The key is knowledge and gaining familiarity with any new situation. But if you experience intense fear or anxiety in new situations, this could be a sign of a mental health issue and you would want to seek professional support.

How can we get more comfortable being uncomfortable?

So how can we train ourselves to be more comfortable being uncomfortable? The answer lies in the practice of it, in literally training yourself. Getting to know your triggers and signs when you get uncomfortable. The more you understand yourself in these situations, the easier it will be to continue your training outside of your comfort zone.

Here are a few things that you can do to train yourself:

  • Start small and in areas that don’t feel important to you. Keep stepping out of your comfort zone where the risks are not so high.
  • Try out new things like food, experiences, or activities. That way you start desensitizing yourself and it won’t even feel uncomfortable anymore after a while. Like with my solo travelling.?
  • Social events that you might want to avoid are great practice grounds to stay in the feeling of uncomfortableness. Put yourself into the situation and observe the emotion inside of you. You will realize that nothing bad is happening even if you feel uncomfortable. And it only lasts until you find a person to connect with and you feel comfortable again.
  • If you are, like me, a planner and love to organize, how about organizing your exits from your comfort zone? Write down 3 situations or activities that you’d really like to do but that make you feel uncomfortable. And then plan the first steps you can take. Challenge yourself to work off that list of steps to take yourself into the UNKNOWN.
  • Stay curious and learn more about certain topics in your life.
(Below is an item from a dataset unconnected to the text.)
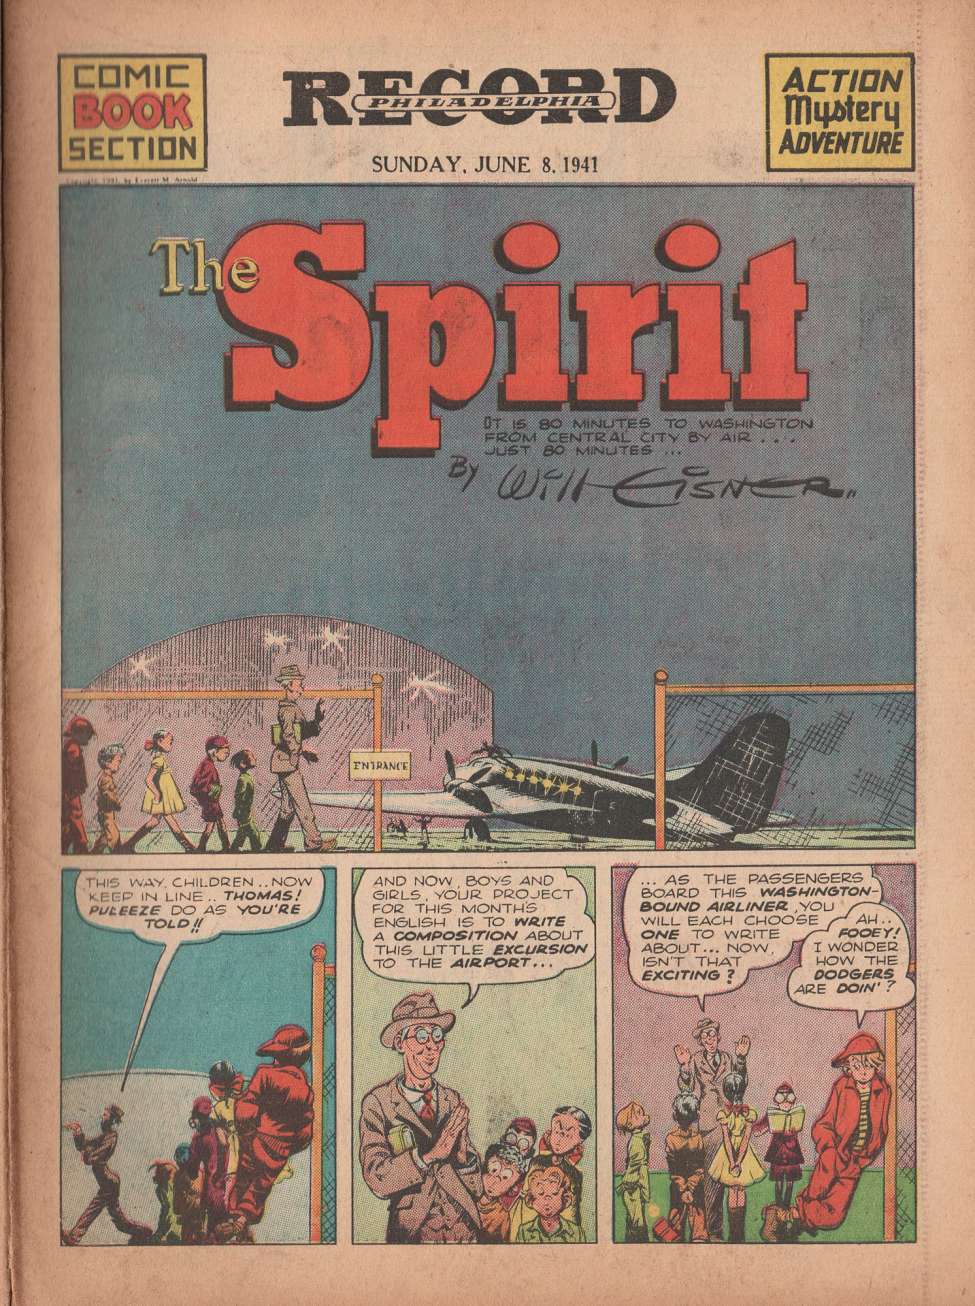 Comic Book Cover For The Spirit (1941-06-08) - Philadelphia Record

Even ask questions when you have the opportunity. It gives you a chance to get more comfortable with new beliefs, perspectives and opinions.?
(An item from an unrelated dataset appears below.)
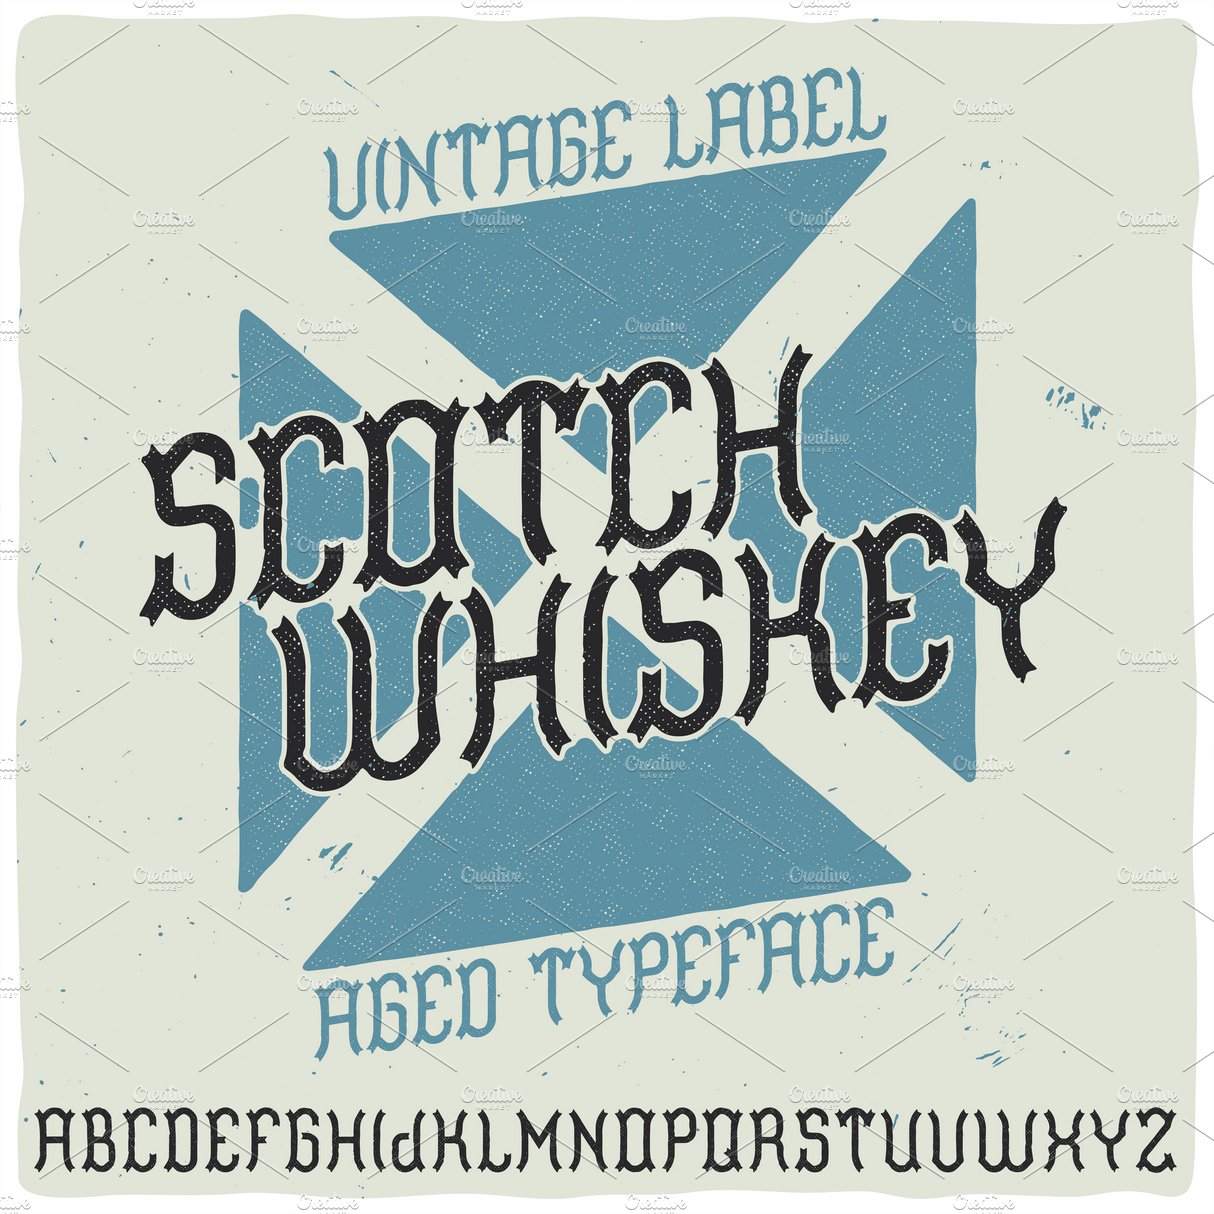 1710.a002.scotchwhiskey typeface.s3 465

Our triggered survival systems getting in our way

In the previous article , we discovered that our survival systems don’t like to be in an unpredictable state. And being outside of your comfort zone means unpredictability. So your survival systems will try anything to move you back into your comfort zone where everything is known and predictable. So what can we do to work with our survival systems?

For your survival system, the situation feels unsafe, as if you were in danger. The problem is that most of the time that is not the case. So the activation of our survival system is natural but not helpful. We therefore want to communicate with our systems that it’s safe and that this is not a life-threatening situation.?
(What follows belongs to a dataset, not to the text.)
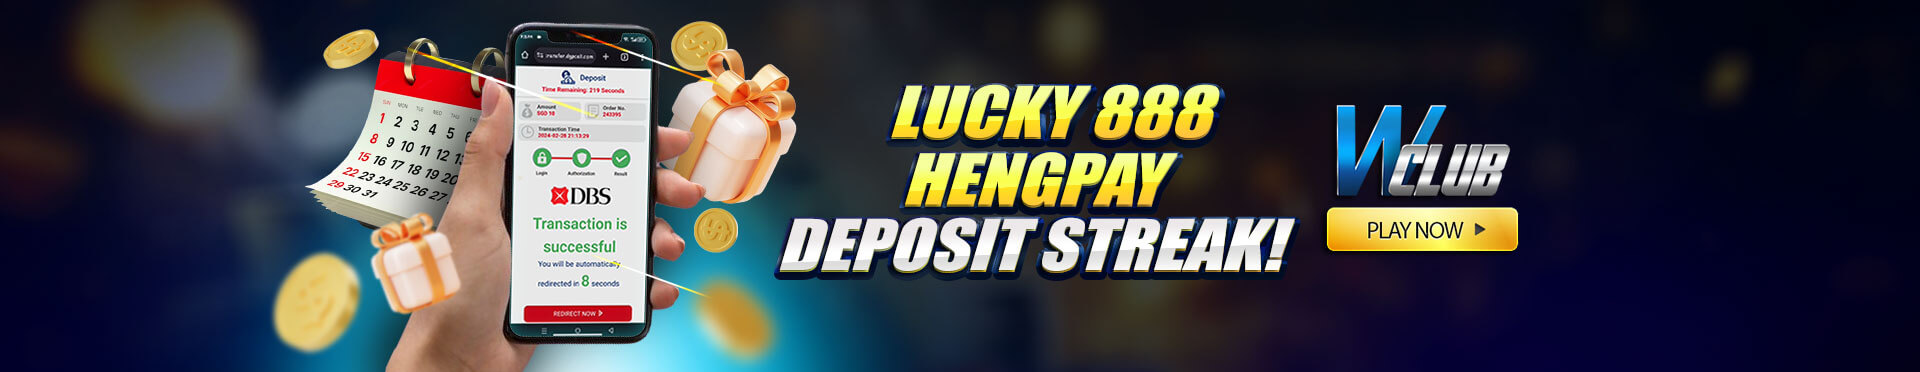 Lucky 888 HengPay Deposit Streak

Tools to communicate to our survival systems that it’s safe

Here are tools that help me to move from my unbalanced state back into a balanced state where I am calm and my mind isn’t hijacked by stress chemicals.??

Tool No. 1

Breathing deep into my belly has various benefits in that situation. Breathing deeply and all the way into the belly gives a sign that it’s safe for the nervous system. Shallow breathing just in your chest is the opposite and a sign of stress. Secondly putting your focus on breathing moves you into the present moment and stops you from spiraling into unhelpful and destructive thought patterns.?

Tool No. 2

Create a mantra for these situations. A phrase or a few words that give your survival instincts the message that you are safe. You can literally use the words: I am safe. Or something similar. The more often you use it, the quicker your nervous system reads the cues and allows you to come back into balance.?

Tool No. 3

Mentally rehearse the situation to be ready. Our frontal lobe which is part of our brain allows us to imagine a situation. We often use it to come up with worst-case scenarios. But in this case, we can use it to practise how we can stay calm and collected in a situation that will put us out of our comfort zone. Sit down in silence, close your eyes and imagine the situation going well. The more you practice it in your mind, the better you can manage your survival instinct when the real situation comes around.

You have now more than enough tools to go out there and step into the UNKNOWN. Make your dreams and desires come true!